While this reduces the need for repeated requests as in standard polling, long polling has several limitations:
Connection Overhead: Each message exchange requires re-establishing the connection, creating significant overhead and putting a heavy load on servers and network resources.
Resource Consumption: The server must maintain many open connections, consuming memory and capacity even without active data exchange.
Latency Issues: If the timeout is long, messages may be delayed. If short, frequent resets add the same overhead as standard polling.
Overall, long polling’s connection and resource demands make it less suited for real-time chat applications.
WebSockets
WebSockets on the other hand eliminate the need for repeated HTTP handshakes, headers, and responses, reducing overhead and enhancing performance.
The client and server establish a connection once, and this connection stays open for the entire chat session, enabling seamless data transfer.

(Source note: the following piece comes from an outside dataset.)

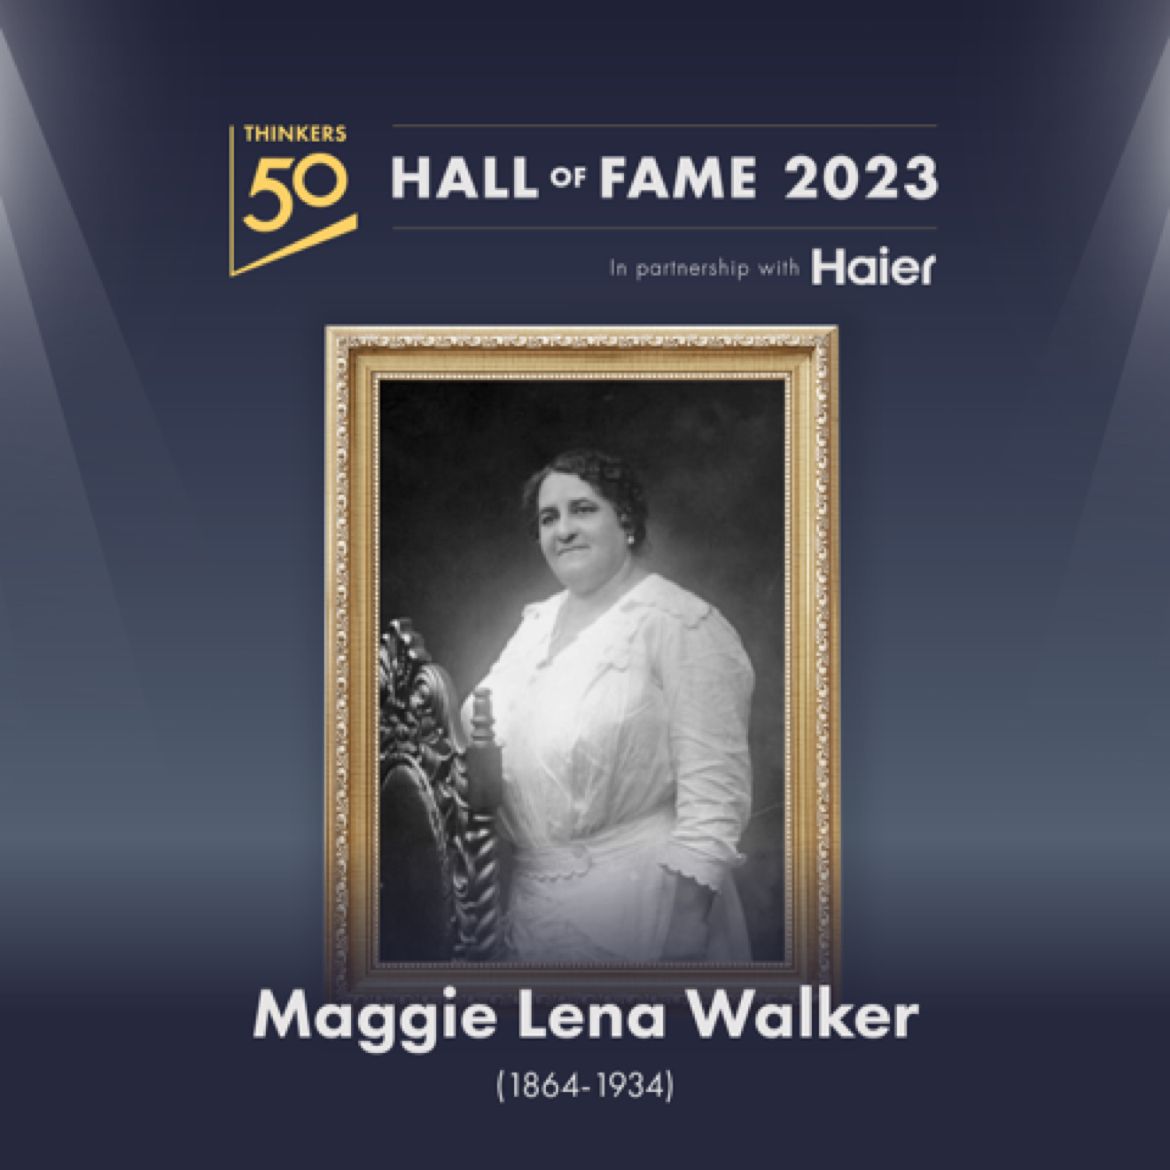 New inductee into @thinkers50 Hall of Fame! @leoncprieto & I were honored to amplify her contributions in our book 'African American Management History: Insights on Gaining a Cooperative Advantage.' thinkers50.com/blog/thinkers5… #Entrepreneurship #Leadership #ManagementHistory

This persistent connection makes WebSocket ideal for real-time communication, where both the client and server need to exchange data frequently and in a timely manner.
5.2 Real-time Message Delivery
Establishing the Connection
When a user opens the chat app, it initiates a WebSocket connection with one of the chat servers. This persistent connection remains open throughout the chat session, enabling real-time communication between the client and server without requiring repeated HTTP requests.
Sending Messages
Once connected, when User A sends a message to User B, the message travels through User A’s WebSocket connection to the server managing that connection (Server A).
Server A then looks up the user connection cache to determine whether User B is online and, if so, which server currently holds User B's connection.
If User B is online: Server A forwards the message to Server B, which delivers it to User B via their open WebSocket connection.
If User B is offline: Server A sends the message to the notification service, which triggers a push notification to notify User B of the new message.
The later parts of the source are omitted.